## BRIEF:
The whole listing, except its pictures, is to be repeated exactly.

## DATASET EXTRACT:
_ _ _ _

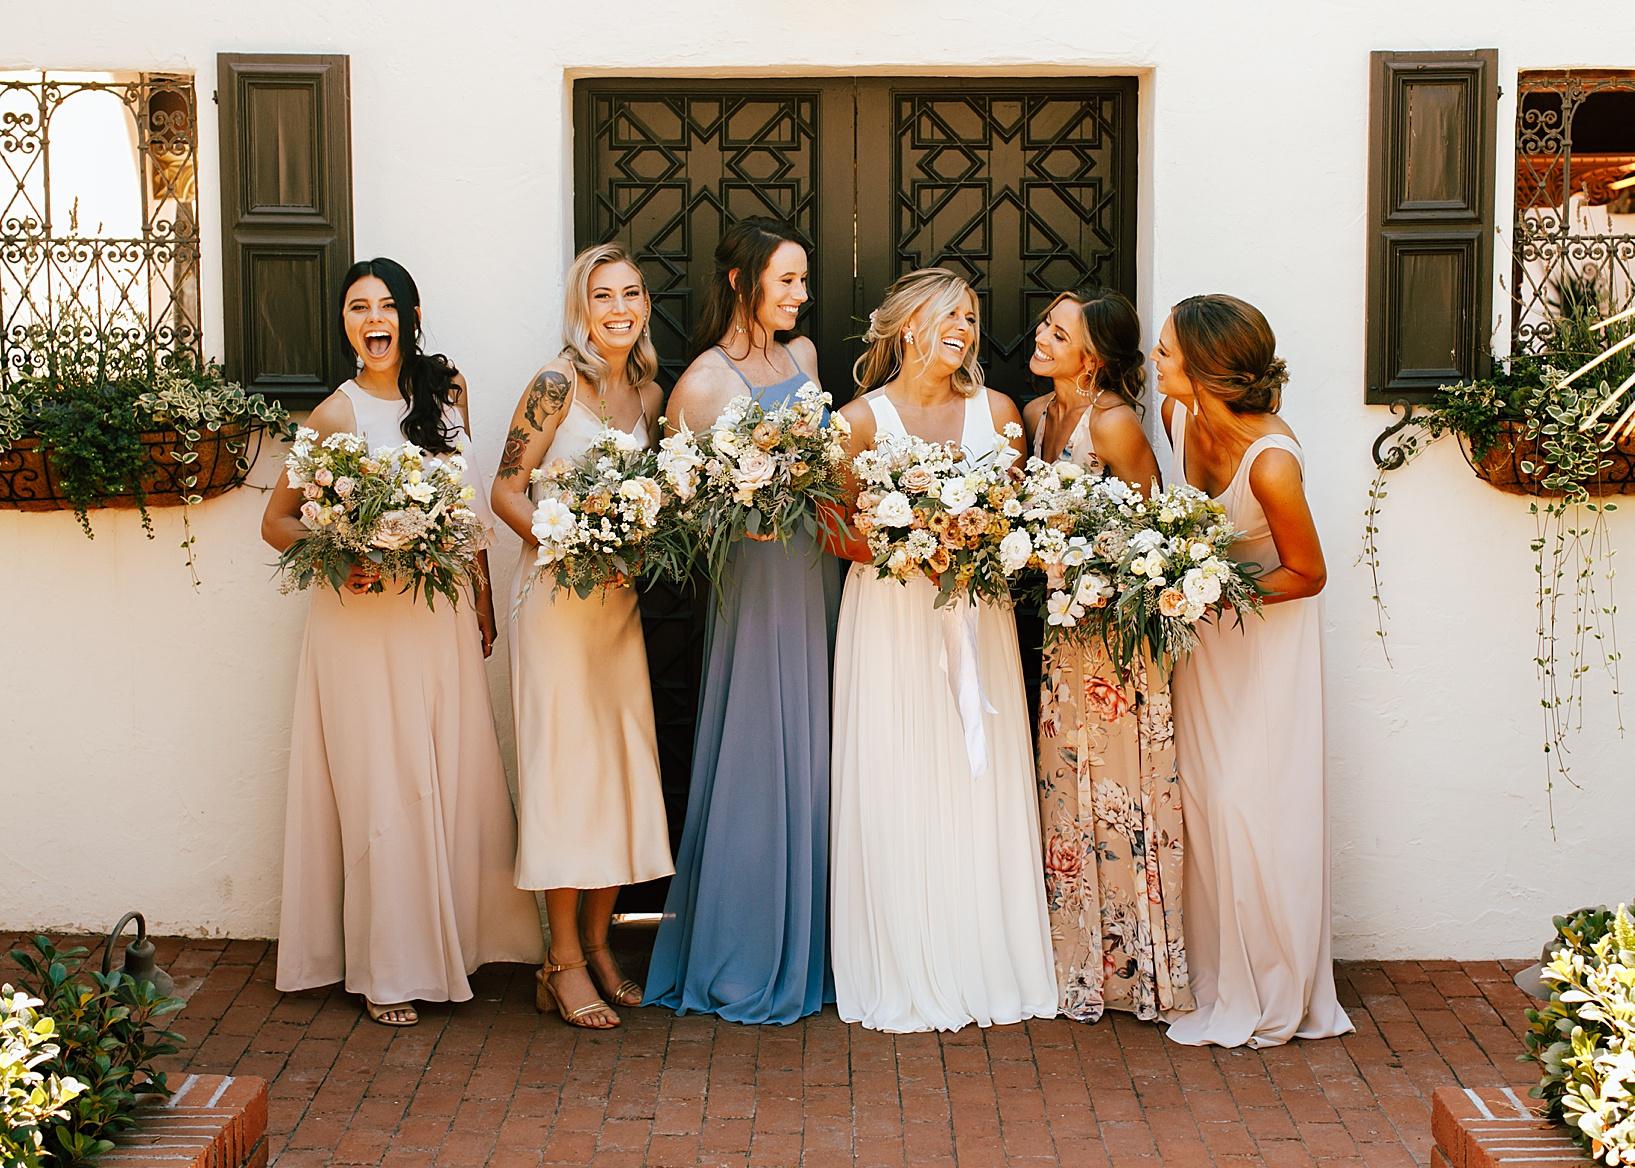 wedding party for La Jolla, Ca wedding at TThe Darlington House
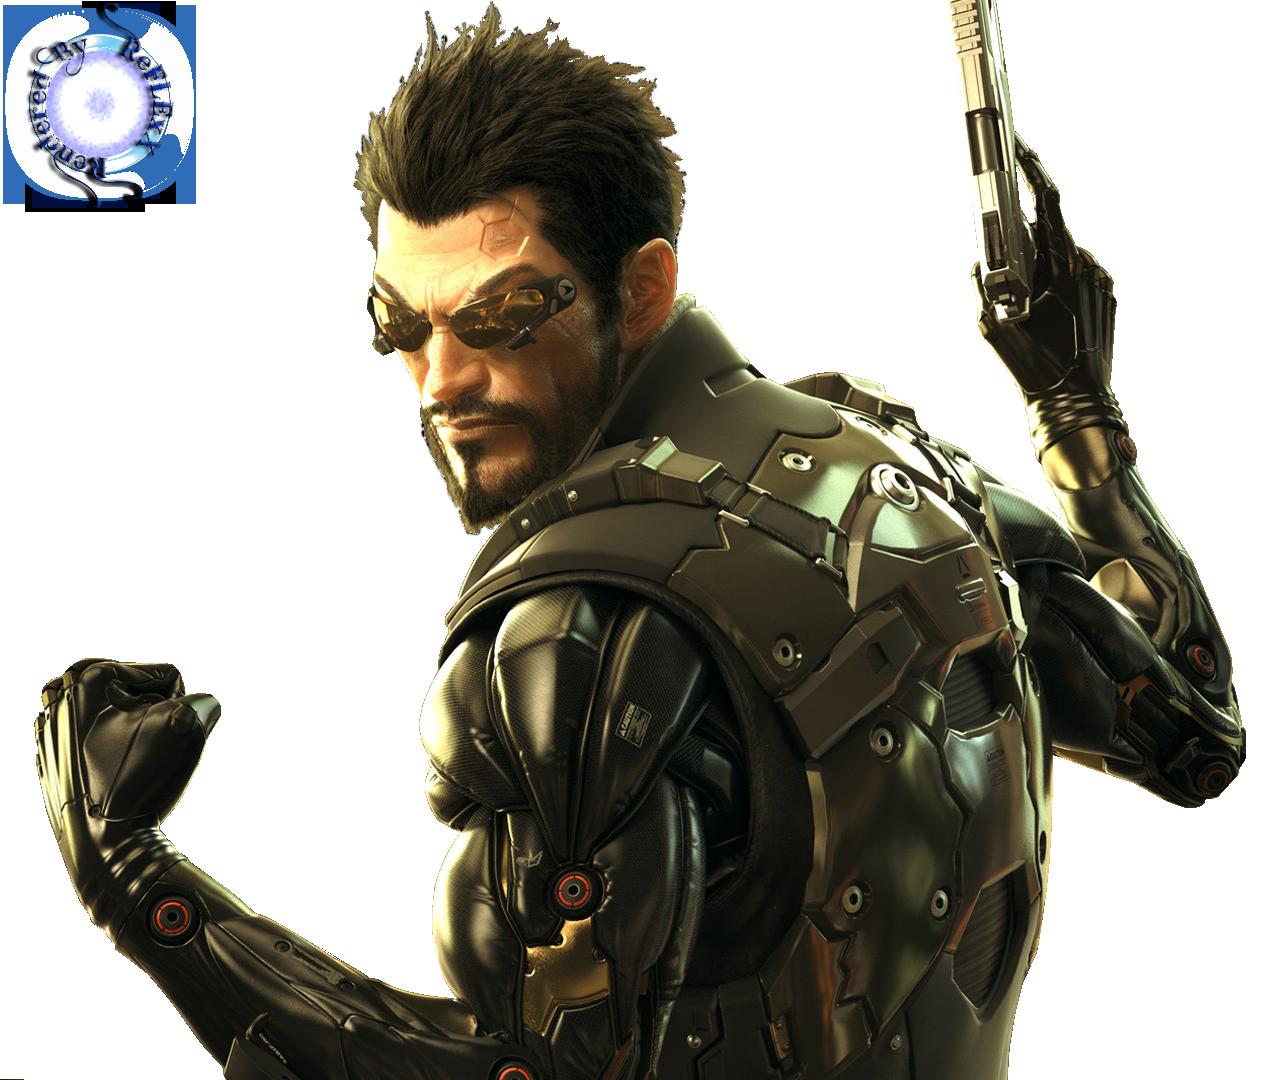 Deus Ex Free Png Image PNG Image - Deus Ex PNG
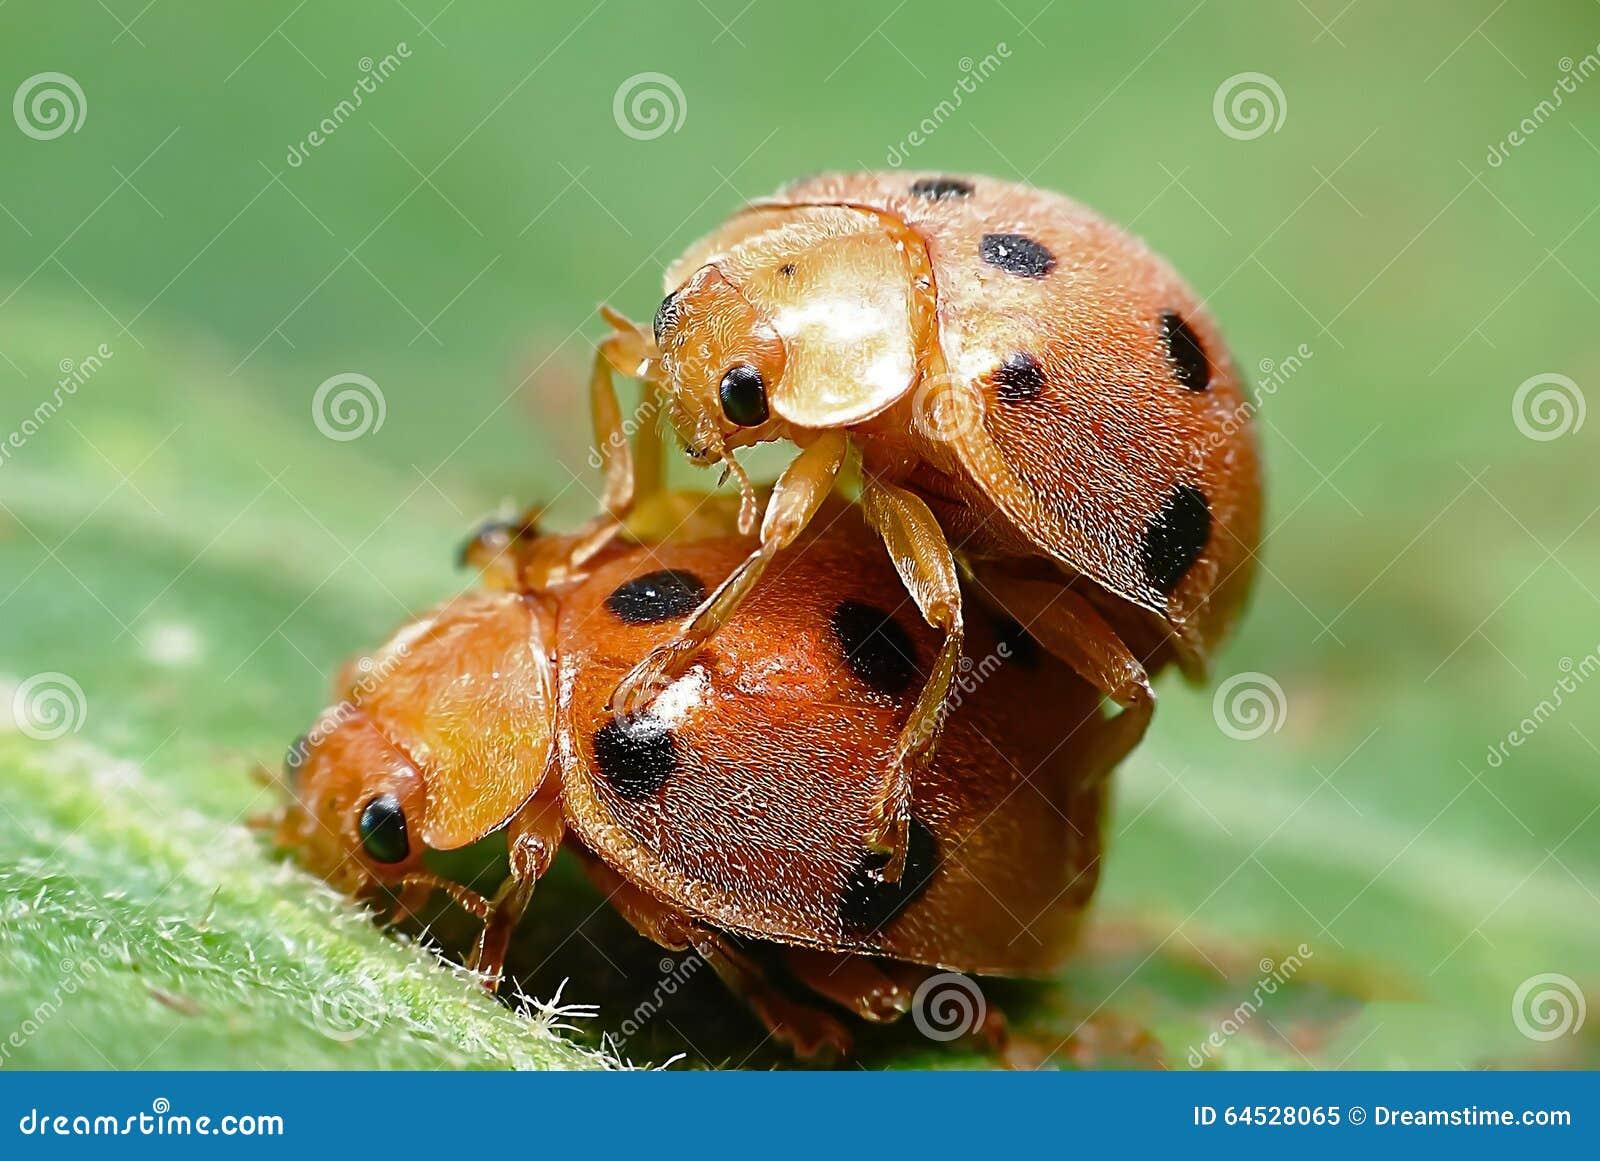 Insekten-Marienkäfer 2

_ _ _ _

## FINISHED TASK:
 wedding party for La Jolla, Ca wedding at TThe Darlington House
 Deus Ex Free Png Image PNG Image - Deus Ex PNG
 Insekten-Marienkäfer 2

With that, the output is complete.